Edward Berger a fait un thriller politique autour du milieu de la papauté : bien tenu, mais trop démagogique pour aspirer à mieux.
Quand le pape décède de façon inattendue et mystérieuse, le cardinal Lawrence se retrouve en charge d’organiser la sélection de son successeur. Alors que les machinations politiques au sein du Vatican s’intensifient, il se rend compte que le défunt leur avait caché un secret qu’il doit découvrir avant qu’un nouveau Pape ne soit choisi. Ce qui va se passer derrière ces murs changera la face du monde.
Du Nom de La Rose à Benedetta en passant par la série Borgia sur Canal +, l’union entre l’Église catholique et le thriller a toujours fourni un mariage très épanoui dans le cinéma. Cet arrangement perdure encore aujourd’hui avec ce Conclave, petit film événement de cette fin d’année, encensé par la critique outre atlantique, et poussé dans son élan pour les Oscars par le chariot des polémiques de vigueur dès qu’une œuvre s’attaque au très libéral Vatican.
House of cardinals
On comprend que sa thèse fit néanmoins grincer les dents de Rome : la papauté n’est peinte que comme une arène politique comme une autre, où la soutane remplace le costard cravate. Après la mort du pape, c’est comme des rapaces que les cardinaux vont se livrer pour sa succession. Une lutte où se mêlent coups bas, intrigues et ambition dévorante. La religion se confond ainsi avec à un marchepied, la parole, un art de la tromperie, et Dieu, un prétexte. Ils conspirent, mentent, et traficotent dans l’ombre comme pour n’importe quelle basse élection humaine. Tant qu’il y aura des hommes, il y aura de la politique, et tant qu’il y aura de la politique, il y aura de la corruption, semble nous dire le cinéaste.
Une profondeur thématique dont on racle vite le fond, et que le film s’emploie à combler par des réflexions sur la dualité entre vérité et devoir, la foi et idéalisme, doublé d’un regard sur les questionnements très actuels que traversent l’Eglise. Mais sa timidité sur ces sujets se fait sentir, en refusant d’embrasser véritablement la crise existentielle de son héros (qui ne sera jamais explicitée), quand il ne tombe pas dans la démagogie ou la caricature la plus grotesque. À force de courir plusieurs lièvres à la fois, le film finit par n’en attraper aucun.
Une forme grand public
Mais au fond, Conclave doit s’apprécier pour ce qu’il est en premier lieu : un petit théâtre de tension et chuchotements très tenu, surélevé par un décorum prodigieux (Le Vatican, à mi chemin entre le docu et la reconstitution kubrickienne ), et une science rigoureuse de son dispositif.
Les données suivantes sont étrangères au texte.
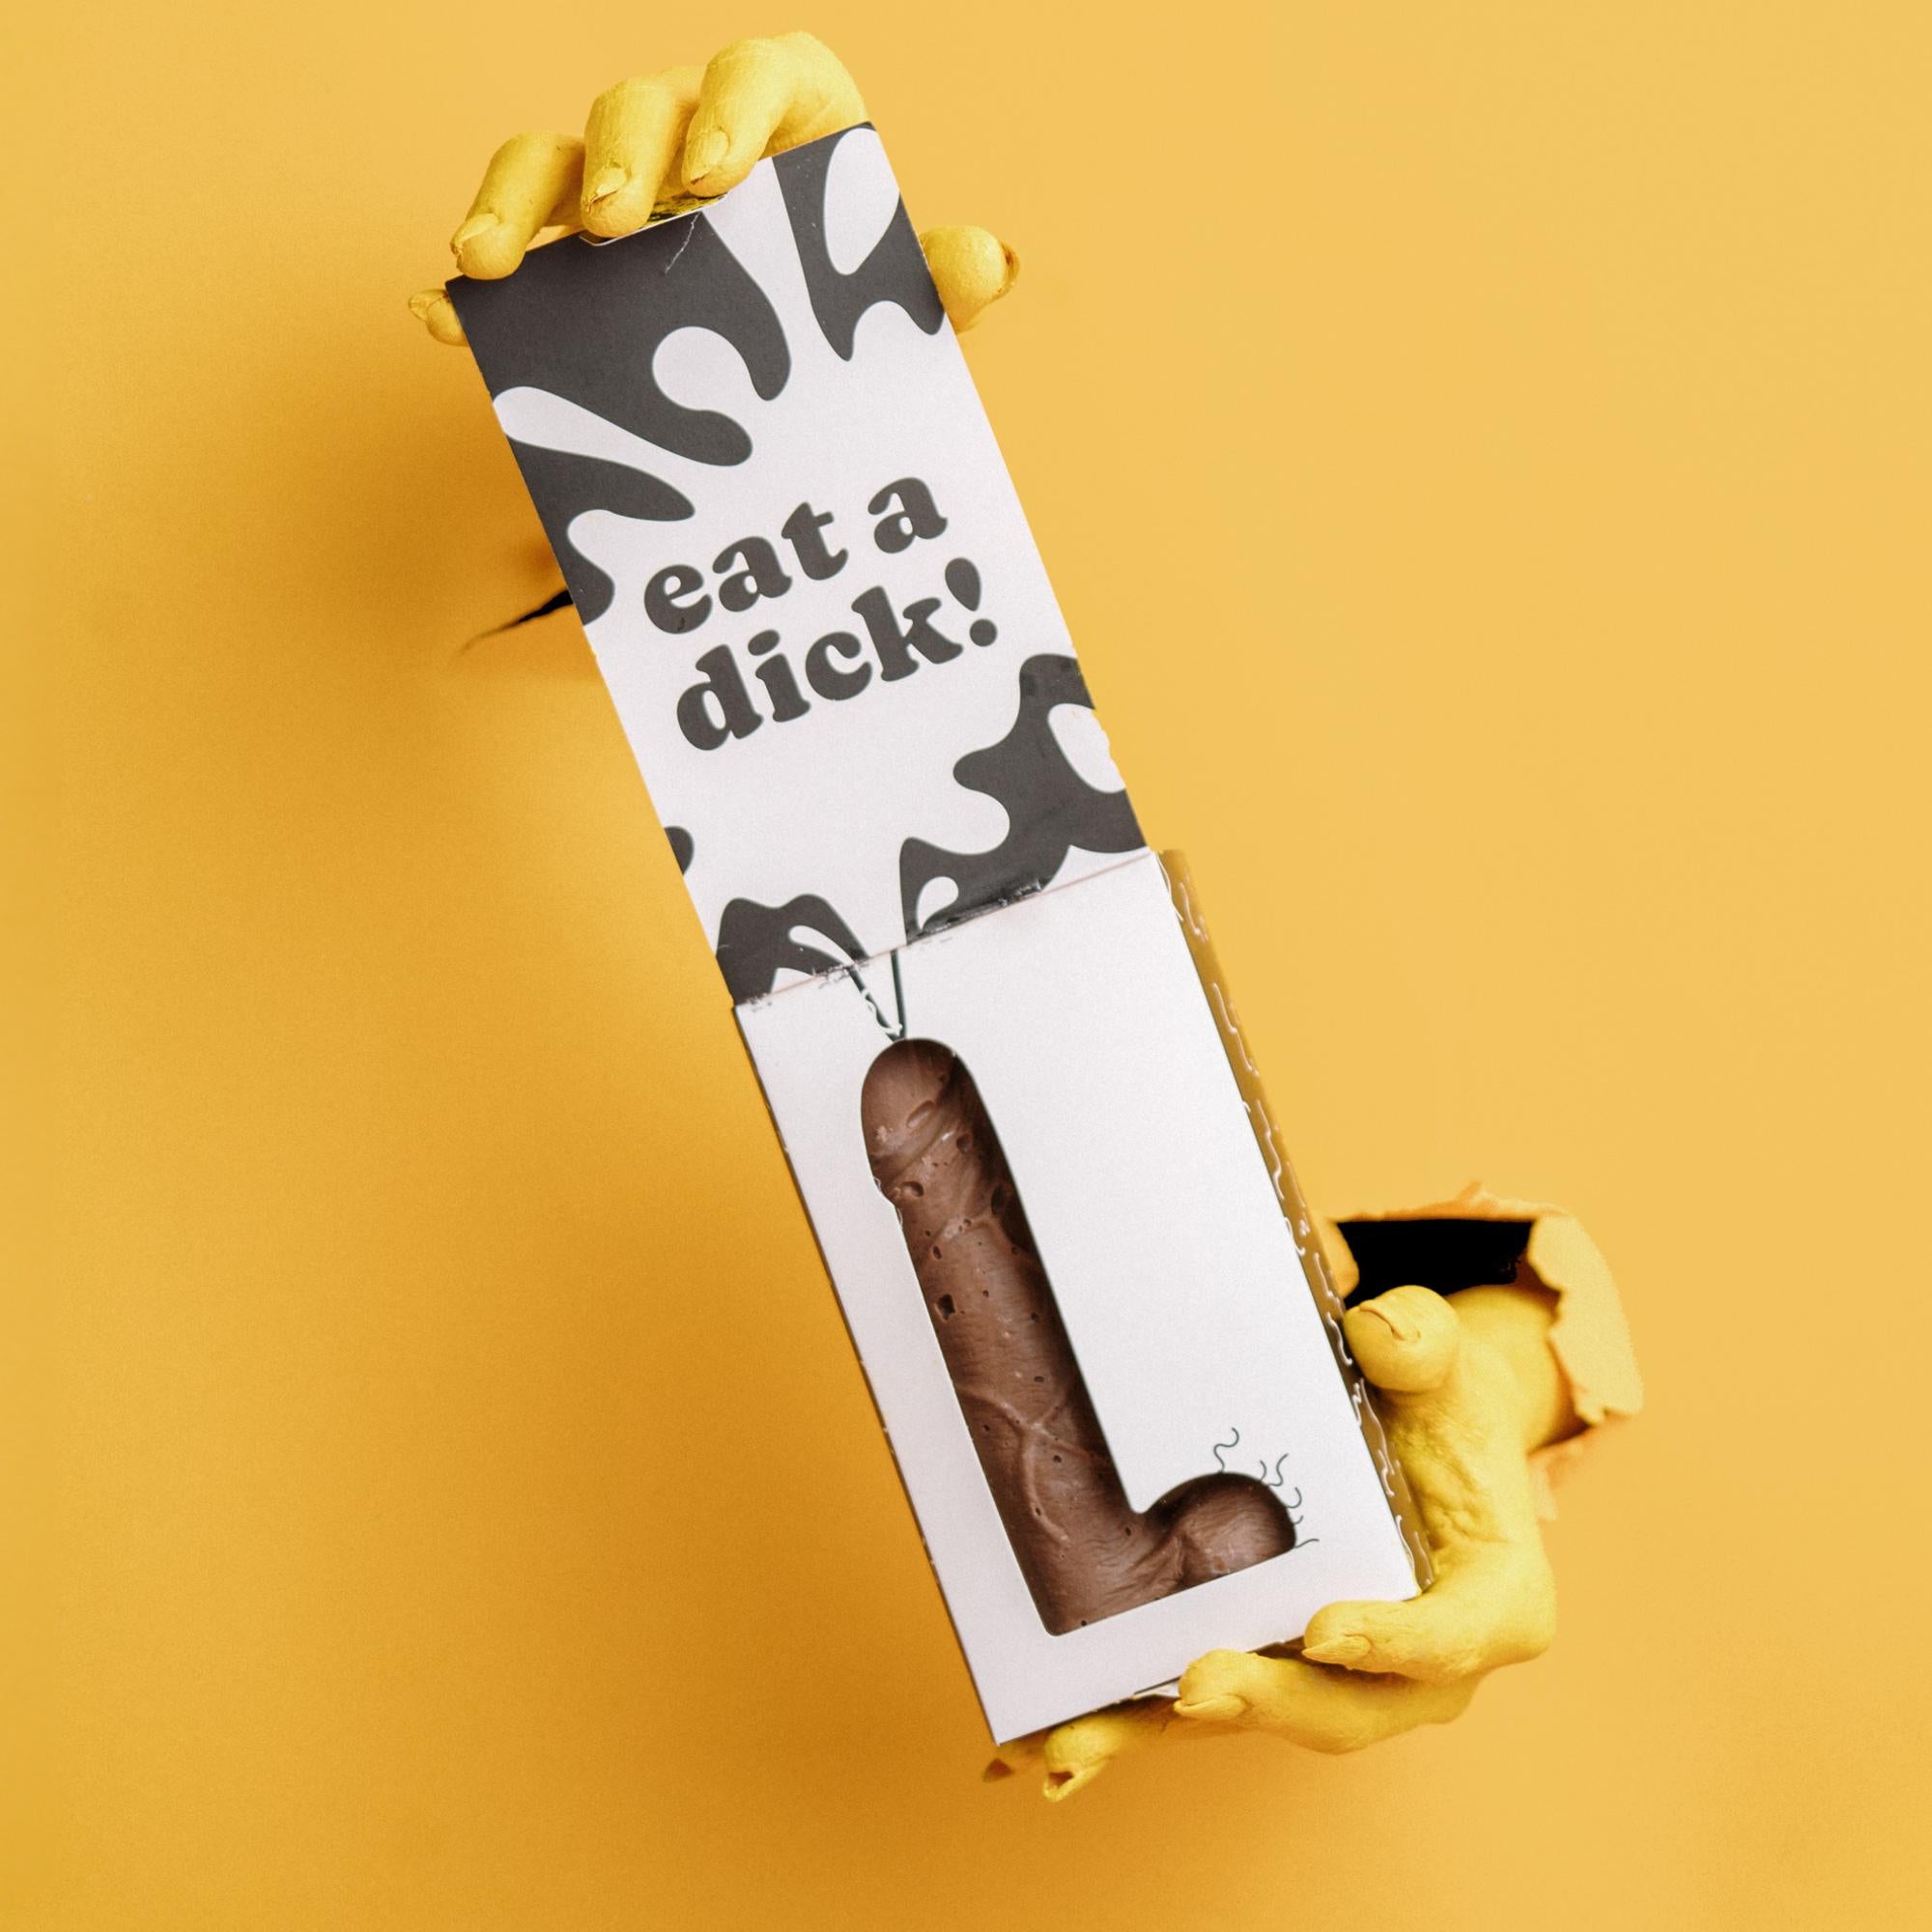 Trump Box - Eat A Dick

Le plan d’Edward Berger n’est pas neuf, mais il est correctement appliqué et fonctionne : établir son thriller dans un écrin qui lui est naturellement antithétique, soit un huis clos purement bavard et fixe ( tout l’enjeu gravite autour de dépouillements de voix), et le dynamiter par un grand dynamisme formel. D’où le recours à un arsenal d’effets pour secouer le cadre, le faire vibrer et y accueillir autre chose que des catholiques : un score ultra agressif, des ralentis emphatiques et un montage sec et nerveux.
Une démonstration à la fois brillante et pataude, dont le point d’hystérie est cependant toujours freiné par le jeu tout en finesse du casting, Ralph Fiennes en tête. C’est lui, et tous les autres (Stanley Tucci est aussi formidable) qui, par le biais de dialogues ou de monologues, donnent au film une intériorité que la mise en scène peine à atteindre d’elle-même. Au passage, une énième preuve, mais en fallait-il une de plus, que l’école britannique des comédiens surpasse de très loin l’Américaine.
Un peu miné par cette accessibilité racoleuse, Conclave réussit à tromper l’ennui mais pas l’oubli. Reste que pour un dimanche à la place de la messe, on prend tous les jours.